- [About this task]
Using the listing below, select the lines with the word "side" and copy them.
Extracted records Block Start
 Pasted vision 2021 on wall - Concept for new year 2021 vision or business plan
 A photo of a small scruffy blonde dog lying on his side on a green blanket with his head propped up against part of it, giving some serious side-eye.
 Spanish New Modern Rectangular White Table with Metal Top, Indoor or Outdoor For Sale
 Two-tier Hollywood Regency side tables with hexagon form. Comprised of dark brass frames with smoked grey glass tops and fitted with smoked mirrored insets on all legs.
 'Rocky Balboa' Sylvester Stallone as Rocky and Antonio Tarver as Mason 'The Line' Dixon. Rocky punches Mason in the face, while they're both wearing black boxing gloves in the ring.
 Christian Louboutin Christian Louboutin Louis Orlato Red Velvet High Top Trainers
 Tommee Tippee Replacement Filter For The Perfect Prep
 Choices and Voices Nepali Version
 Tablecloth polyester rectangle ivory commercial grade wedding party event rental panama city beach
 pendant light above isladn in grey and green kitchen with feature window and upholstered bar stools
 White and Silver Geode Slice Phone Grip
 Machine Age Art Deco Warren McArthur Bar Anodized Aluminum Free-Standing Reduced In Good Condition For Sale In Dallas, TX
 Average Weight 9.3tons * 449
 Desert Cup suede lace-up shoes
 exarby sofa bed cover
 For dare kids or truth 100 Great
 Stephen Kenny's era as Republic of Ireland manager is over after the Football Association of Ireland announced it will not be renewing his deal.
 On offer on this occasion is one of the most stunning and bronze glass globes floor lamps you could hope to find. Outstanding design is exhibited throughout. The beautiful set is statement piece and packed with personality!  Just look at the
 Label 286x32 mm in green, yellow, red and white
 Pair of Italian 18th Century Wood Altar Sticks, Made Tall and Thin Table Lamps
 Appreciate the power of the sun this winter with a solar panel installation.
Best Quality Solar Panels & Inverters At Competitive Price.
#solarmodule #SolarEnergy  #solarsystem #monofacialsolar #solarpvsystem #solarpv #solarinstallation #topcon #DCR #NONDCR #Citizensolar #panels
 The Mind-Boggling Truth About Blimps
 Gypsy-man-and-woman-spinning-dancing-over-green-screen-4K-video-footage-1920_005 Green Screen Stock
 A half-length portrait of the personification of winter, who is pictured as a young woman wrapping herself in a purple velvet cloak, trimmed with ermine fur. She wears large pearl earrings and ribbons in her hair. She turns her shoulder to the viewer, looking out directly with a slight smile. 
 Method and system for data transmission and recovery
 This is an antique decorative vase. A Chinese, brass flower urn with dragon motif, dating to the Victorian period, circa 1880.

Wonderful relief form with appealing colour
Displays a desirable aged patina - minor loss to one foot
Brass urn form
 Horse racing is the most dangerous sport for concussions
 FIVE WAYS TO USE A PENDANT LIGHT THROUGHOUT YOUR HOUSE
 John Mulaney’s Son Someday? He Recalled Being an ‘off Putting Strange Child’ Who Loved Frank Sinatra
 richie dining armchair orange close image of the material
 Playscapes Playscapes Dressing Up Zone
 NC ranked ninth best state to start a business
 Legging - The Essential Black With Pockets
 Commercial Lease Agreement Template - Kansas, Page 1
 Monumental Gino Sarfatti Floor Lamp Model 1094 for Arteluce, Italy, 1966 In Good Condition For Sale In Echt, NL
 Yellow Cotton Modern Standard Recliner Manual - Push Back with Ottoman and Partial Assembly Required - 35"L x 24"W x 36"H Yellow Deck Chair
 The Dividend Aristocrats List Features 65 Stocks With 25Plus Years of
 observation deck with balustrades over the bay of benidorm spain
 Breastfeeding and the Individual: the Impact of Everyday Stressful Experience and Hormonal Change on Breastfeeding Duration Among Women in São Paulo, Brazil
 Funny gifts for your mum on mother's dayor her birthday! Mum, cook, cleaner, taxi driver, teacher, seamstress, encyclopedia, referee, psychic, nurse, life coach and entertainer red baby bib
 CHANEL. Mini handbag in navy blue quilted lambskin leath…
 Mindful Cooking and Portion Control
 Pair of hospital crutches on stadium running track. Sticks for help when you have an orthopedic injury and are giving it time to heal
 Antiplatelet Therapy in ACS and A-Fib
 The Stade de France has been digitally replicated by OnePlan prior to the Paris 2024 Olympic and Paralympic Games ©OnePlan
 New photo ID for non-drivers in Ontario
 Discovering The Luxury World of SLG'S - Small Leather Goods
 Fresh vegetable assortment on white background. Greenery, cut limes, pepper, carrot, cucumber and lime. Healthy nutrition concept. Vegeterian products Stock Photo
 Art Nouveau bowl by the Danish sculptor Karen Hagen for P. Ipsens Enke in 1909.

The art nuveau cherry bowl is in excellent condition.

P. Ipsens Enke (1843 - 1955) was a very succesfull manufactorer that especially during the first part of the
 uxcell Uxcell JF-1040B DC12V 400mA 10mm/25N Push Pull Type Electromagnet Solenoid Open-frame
Extracted records Block End
- [Answer section]
 A photo of a small scruffy blonde dog lying on his side on a green blanket with his head propped up against part of it, giving some serious side-eye.
 Two-tier Hollywood Regency side tables with hexagon form. Comprised of dark brass frames with smoked grey glass tops and fitted with smoked mirrored insets on all legs.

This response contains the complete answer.